▸ **Records shown**:
╔══
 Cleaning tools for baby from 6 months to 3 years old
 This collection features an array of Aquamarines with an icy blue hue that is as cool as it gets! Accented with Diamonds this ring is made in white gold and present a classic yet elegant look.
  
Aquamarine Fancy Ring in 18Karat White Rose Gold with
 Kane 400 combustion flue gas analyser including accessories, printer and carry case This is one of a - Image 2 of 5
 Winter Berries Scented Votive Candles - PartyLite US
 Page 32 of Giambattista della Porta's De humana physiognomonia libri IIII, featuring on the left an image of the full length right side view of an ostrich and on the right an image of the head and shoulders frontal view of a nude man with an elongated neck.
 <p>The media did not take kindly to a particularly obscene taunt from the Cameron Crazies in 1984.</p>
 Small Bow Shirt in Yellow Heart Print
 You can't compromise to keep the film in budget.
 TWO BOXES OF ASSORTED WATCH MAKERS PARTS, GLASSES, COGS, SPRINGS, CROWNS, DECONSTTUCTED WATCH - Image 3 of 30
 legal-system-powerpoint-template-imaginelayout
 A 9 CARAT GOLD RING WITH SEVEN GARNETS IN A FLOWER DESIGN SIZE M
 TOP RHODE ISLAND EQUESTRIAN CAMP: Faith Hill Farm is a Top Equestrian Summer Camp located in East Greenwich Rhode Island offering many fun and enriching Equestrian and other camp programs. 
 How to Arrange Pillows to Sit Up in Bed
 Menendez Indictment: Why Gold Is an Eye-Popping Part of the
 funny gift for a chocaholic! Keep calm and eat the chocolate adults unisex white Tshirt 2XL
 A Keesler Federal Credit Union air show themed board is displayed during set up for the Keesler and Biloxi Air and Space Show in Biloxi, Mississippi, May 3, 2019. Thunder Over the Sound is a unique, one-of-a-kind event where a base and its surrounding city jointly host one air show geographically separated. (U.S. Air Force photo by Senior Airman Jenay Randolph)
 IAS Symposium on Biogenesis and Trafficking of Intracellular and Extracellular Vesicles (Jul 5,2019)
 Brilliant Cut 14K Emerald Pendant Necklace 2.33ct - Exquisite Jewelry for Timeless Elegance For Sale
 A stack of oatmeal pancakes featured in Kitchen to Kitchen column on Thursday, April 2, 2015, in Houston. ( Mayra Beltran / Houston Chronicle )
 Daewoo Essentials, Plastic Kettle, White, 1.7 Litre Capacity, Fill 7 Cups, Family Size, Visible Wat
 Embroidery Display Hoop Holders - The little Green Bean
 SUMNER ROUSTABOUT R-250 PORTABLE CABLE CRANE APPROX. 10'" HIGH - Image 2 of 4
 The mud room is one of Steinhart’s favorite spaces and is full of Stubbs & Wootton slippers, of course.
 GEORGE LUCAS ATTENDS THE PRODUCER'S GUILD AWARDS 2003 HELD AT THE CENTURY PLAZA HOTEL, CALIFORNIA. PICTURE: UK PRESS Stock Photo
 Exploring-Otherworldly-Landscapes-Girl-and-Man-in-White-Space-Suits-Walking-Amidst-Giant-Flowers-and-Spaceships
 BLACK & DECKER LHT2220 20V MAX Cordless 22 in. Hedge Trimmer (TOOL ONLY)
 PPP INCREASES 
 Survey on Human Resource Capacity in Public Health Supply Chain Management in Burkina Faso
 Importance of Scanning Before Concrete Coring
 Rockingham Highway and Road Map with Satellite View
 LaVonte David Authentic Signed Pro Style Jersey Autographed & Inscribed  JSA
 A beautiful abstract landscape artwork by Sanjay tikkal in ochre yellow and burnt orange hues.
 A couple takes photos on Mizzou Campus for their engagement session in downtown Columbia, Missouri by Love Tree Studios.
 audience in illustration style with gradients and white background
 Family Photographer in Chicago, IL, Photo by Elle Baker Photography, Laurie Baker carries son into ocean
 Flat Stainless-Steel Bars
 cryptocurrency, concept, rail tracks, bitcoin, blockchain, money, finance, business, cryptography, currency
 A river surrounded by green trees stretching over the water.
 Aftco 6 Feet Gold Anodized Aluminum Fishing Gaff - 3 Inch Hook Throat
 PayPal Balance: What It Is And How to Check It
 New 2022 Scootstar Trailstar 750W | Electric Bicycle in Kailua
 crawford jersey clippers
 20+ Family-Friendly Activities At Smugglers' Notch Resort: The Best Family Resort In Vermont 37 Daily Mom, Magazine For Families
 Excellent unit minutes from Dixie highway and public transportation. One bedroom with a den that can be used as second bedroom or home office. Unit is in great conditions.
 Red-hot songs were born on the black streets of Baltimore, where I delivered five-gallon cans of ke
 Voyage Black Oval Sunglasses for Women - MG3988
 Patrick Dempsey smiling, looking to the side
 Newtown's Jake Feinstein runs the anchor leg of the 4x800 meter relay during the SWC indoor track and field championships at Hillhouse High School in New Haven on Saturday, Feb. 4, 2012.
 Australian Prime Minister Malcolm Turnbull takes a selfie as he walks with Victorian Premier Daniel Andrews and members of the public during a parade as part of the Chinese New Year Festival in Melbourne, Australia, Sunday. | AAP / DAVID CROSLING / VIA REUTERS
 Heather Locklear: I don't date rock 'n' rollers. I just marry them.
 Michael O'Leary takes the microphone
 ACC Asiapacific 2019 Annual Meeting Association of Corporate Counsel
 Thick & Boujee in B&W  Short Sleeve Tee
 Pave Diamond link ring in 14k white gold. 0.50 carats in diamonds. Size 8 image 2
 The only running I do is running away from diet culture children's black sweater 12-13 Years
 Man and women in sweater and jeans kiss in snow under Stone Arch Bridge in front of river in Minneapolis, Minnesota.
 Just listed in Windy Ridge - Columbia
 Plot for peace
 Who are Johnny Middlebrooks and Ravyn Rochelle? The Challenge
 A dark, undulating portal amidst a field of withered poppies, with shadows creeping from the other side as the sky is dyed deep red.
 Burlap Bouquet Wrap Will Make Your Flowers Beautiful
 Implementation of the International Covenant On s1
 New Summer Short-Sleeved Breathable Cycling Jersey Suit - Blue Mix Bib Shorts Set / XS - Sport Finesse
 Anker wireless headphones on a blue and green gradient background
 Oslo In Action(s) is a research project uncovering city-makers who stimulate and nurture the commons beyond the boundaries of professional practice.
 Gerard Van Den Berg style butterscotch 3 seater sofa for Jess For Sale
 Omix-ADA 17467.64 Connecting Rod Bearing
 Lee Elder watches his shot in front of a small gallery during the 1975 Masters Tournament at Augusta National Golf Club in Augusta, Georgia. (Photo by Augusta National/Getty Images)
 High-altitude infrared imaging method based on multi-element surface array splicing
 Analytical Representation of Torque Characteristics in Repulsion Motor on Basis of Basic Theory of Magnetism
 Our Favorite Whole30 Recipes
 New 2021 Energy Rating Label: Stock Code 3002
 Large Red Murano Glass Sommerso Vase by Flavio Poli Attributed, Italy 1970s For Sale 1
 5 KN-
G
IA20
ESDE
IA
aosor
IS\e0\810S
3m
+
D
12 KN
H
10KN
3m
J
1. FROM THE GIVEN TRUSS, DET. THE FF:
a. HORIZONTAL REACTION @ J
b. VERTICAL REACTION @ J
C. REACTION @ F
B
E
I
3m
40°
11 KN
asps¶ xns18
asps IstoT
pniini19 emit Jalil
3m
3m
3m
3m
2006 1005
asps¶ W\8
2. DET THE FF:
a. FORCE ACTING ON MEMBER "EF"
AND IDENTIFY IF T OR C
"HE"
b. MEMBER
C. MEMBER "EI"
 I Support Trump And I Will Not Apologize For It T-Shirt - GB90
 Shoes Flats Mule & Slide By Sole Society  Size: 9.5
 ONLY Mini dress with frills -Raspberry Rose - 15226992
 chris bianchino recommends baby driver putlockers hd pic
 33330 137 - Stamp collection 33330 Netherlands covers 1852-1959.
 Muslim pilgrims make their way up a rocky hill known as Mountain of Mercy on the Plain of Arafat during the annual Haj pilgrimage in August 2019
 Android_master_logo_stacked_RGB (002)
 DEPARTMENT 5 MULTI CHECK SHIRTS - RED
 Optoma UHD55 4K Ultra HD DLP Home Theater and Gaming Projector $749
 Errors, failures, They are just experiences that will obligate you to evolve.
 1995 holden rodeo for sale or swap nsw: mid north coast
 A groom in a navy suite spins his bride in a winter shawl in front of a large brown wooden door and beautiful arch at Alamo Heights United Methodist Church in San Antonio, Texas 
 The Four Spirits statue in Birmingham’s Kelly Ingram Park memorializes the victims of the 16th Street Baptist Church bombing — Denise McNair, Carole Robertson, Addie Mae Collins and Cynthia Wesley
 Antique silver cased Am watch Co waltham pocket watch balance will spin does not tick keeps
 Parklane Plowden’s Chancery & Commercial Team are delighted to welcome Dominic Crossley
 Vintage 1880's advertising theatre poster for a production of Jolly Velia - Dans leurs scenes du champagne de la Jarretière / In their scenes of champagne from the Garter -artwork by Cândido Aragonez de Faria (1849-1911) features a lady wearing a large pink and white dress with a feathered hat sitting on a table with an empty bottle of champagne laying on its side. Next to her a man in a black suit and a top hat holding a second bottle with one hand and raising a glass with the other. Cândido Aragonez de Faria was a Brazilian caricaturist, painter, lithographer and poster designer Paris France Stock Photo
╚══
The line with "Aquamarine Fancy Ring" is the last to include; transcribe exactly every line from the top of the material above down to it.

▸ **Your solution**:
 Cleaning tools for baby from 6 months to 3 years old
 This collection features an array of Aquamarines with an icy blue hue that is as cool as it gets! Accented with Diamonds this ring is made in white gold and present a classic yet elegant look.
  
Aquamarine Fancy Ring in 18Karat White Rose Gold with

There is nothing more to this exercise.